3. The "one-armed bandit"

3.1 The idea

We intended to create "one-armed bandit" strain, which would randomize target protein sequence – nucleotides would be shuffled randomly in the same way it happens in popular hazard game. The simplest "one-armed bandit" strain is one of standard mutator E. coli strains without polymerase error correction activity or strain without DNA repair systems. It’s not optimal though - high mutation frequency in the whole bacterial genome would introduce some variance into our sequence, but would also cause problems with selection. Instead of screening for protein interactions we would most likely obtain selection-resistant strain. So we wanted to narrow scope of mutations to a small well defined DNA fragment preferably carried on plasmid. Since at the beginning of our project we focused on antibodies, the idea of using AID (Activation Induced Deaminase) protein came right away.

The AID protein is active in mammal lymphocytes, where it causes somatic hypermutation – an increase of mutation level in antibody coding sequences. Moreover there is a publication [PMID:12097915] demonstrating AID activity in E. coli cells. But that wasn’t yet what we wanted because AID mutated all highly-transcribed E. coli genes. We needed to find a way to target it to a specific DNA region. AID prefers single-stranded DNA that appears in highly-transcribed loci. So we needed to make our DNA sequence a highly transcribed one (preferably achieve the highest transcription level in the cell). For this purpose we wanted to test mutation rate in a sequence transcribed from T7 promoter using transcriptional fusion between AID and T7 RNA polymerase. We went a step forward and created translational fusion between AID and T7 RNA polymerase. T7 polymerase traverses the DNA fragment containing T7 promoter and carries AID, which introduces mutations.

AID is a small protein and its closest homologues form oligomers. So we needed to consider such possibility and we created molecular device containing both free AID and AID-T7 fusion. We hoped that AID-T7 fusion would recruit free AID to DNA sequence containing T7 promoter.

To sum up we have created following molecular devices on pMPMT5 plasmid under arabinose promoter:

  1. AID

  2. AID in translational fusion with T7 RNA polymerase

  3. AID in transcriptional fusion with T7 RNA polymerase

  4. AID in transcriptional fusion with AID-T7 translational fusion

To test various variants of AID we needed proper reporter system. We have used alpha-complementing β-galactosidase fragment under control of T7 promoter.
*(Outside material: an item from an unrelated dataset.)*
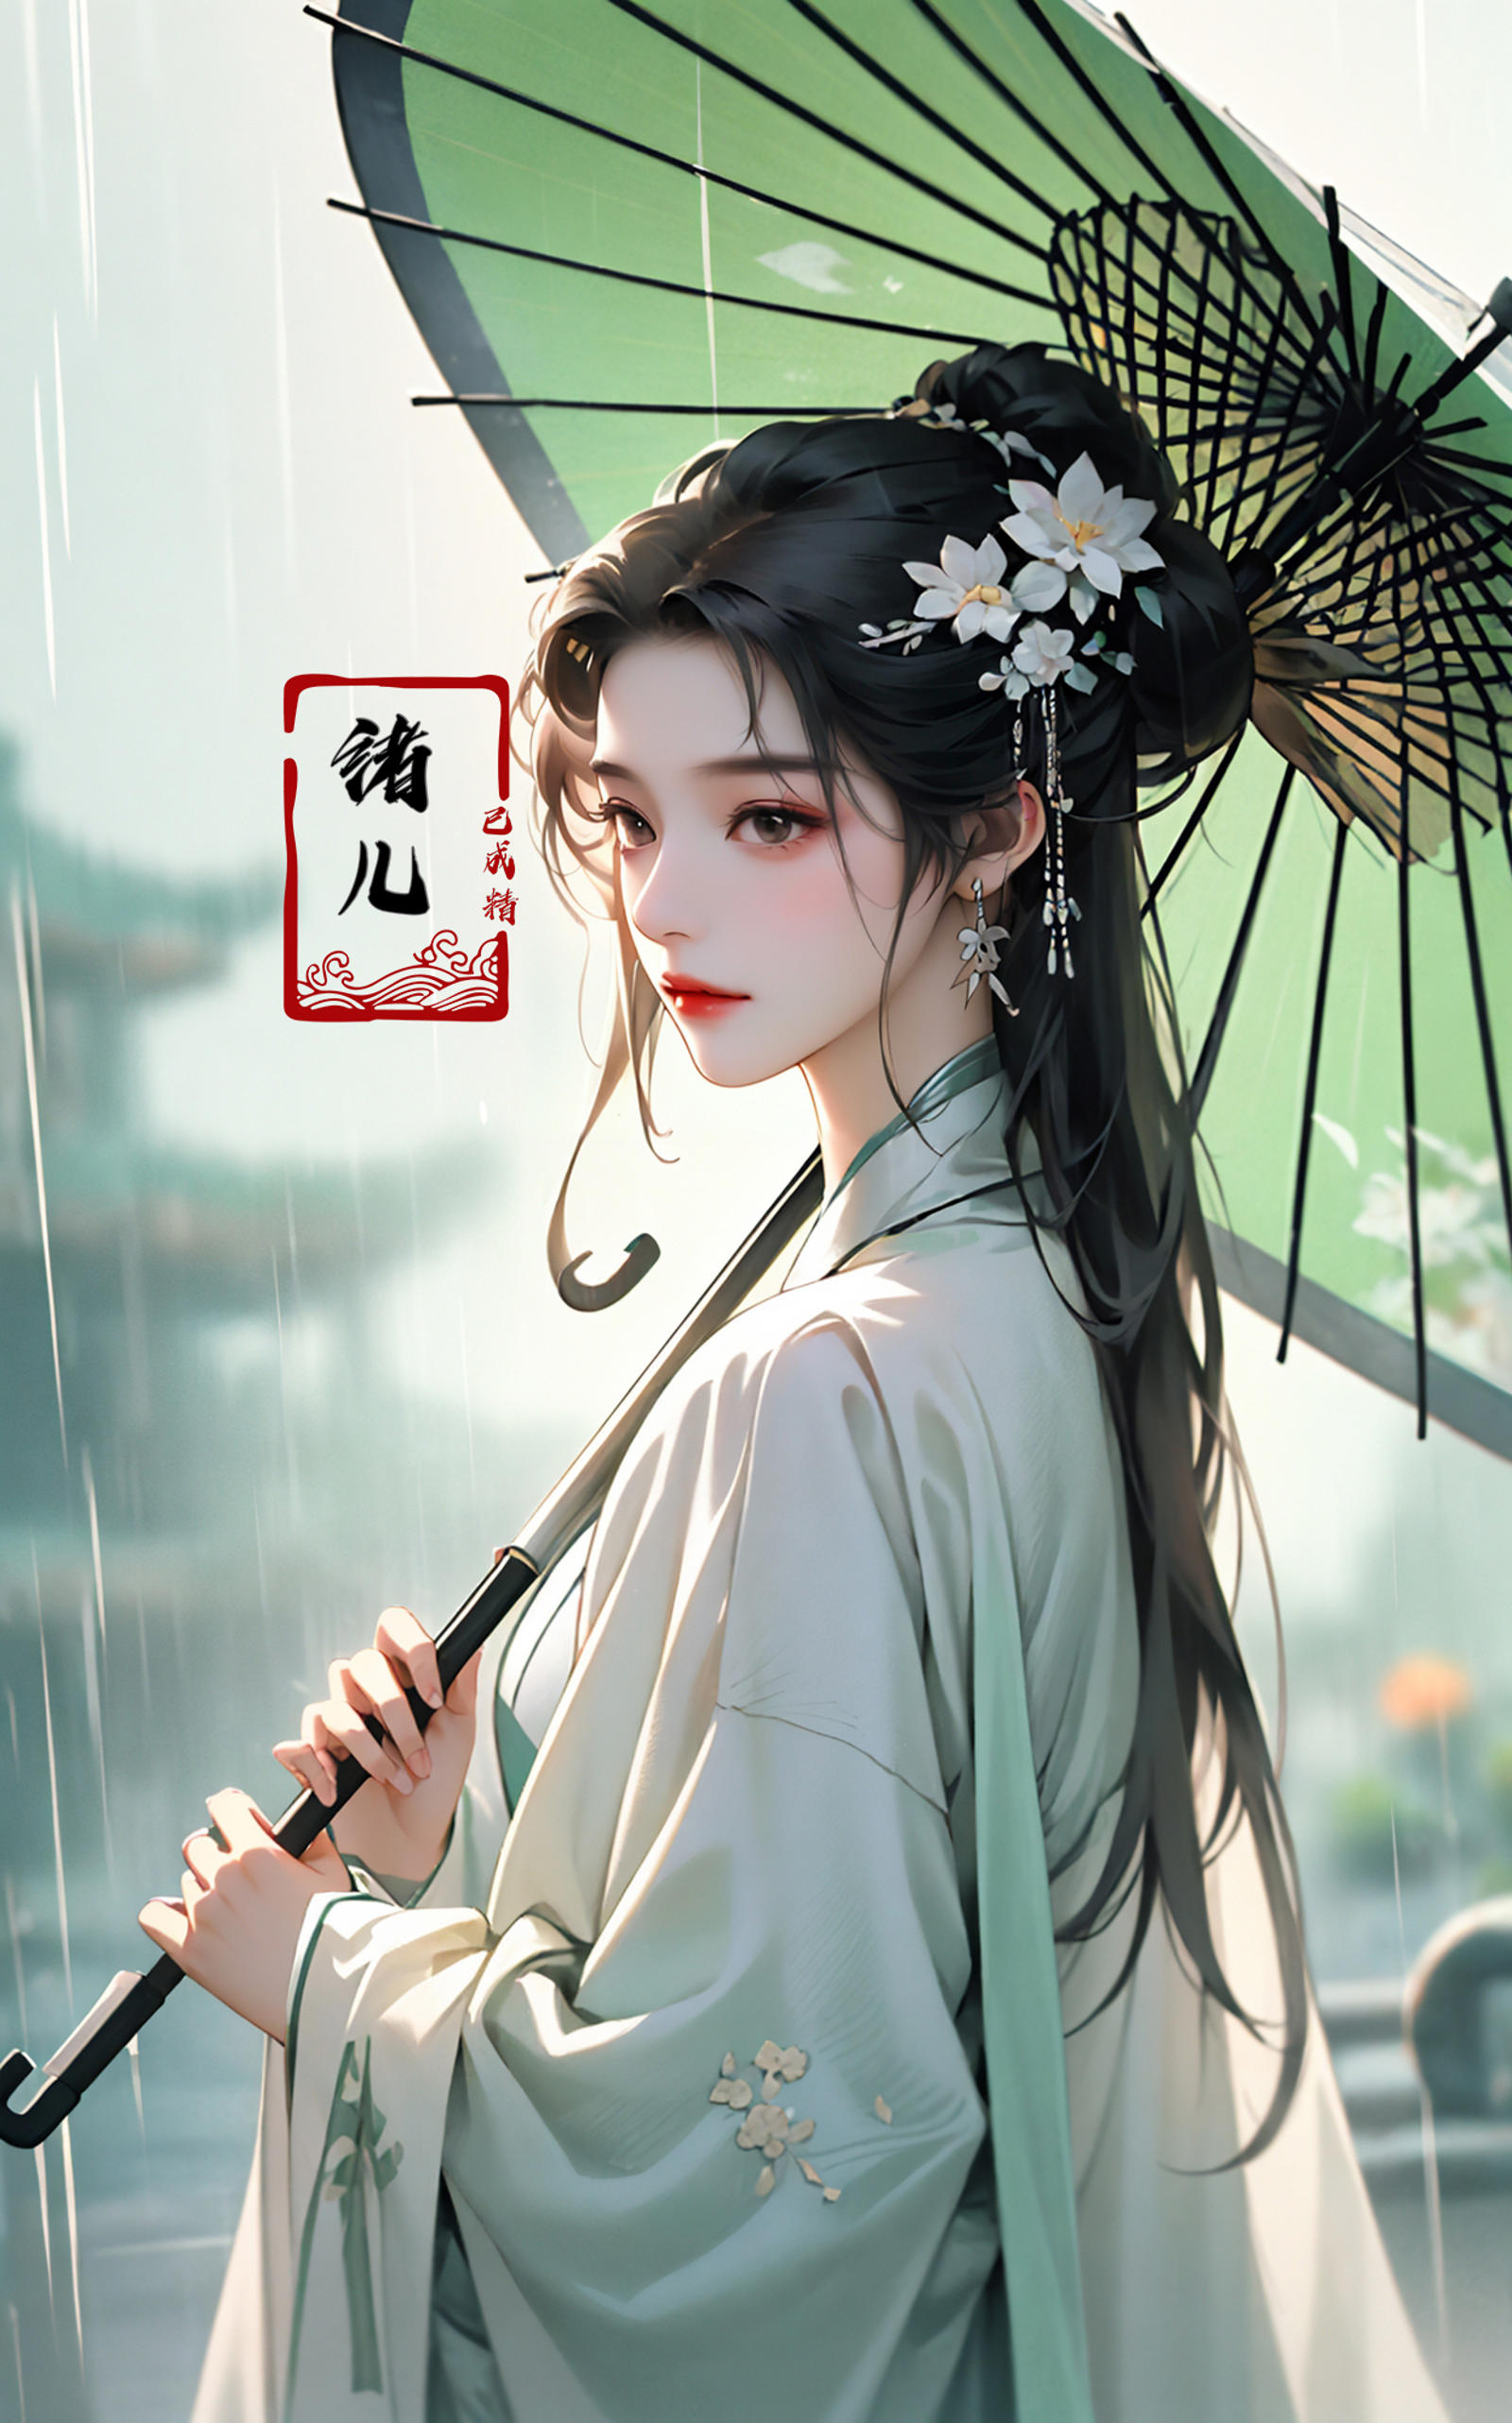 绪儿-伞中仙Fairy Under Umbrella image by XRYCJ

We used one-copy plasmid pZC320 (minireplicon of plasmid F), which contained this fragment. After obtaining and induction of cotransformants carrying one of AID devices and reporter plasmid, we hoped to get some white colonies on X-gal plates, indicating mutated clones.

Fig. 1. Our reporter system for checking site-specificity of AID-induced mutations
pBAD - arabinose promoter; pT7 - T7 promoter; L - linker; RBS - sequence coding Ribosomal Binding Site; TAXI=LB+Tetracycline+Ampicillin+IPTG+X-gal

Simultaneously we carried out the rifampicin test (plated liquid cultures of tested strains on plates containing 300 μg/mL rifampicin) to check mutation level in whole genome of tested strains.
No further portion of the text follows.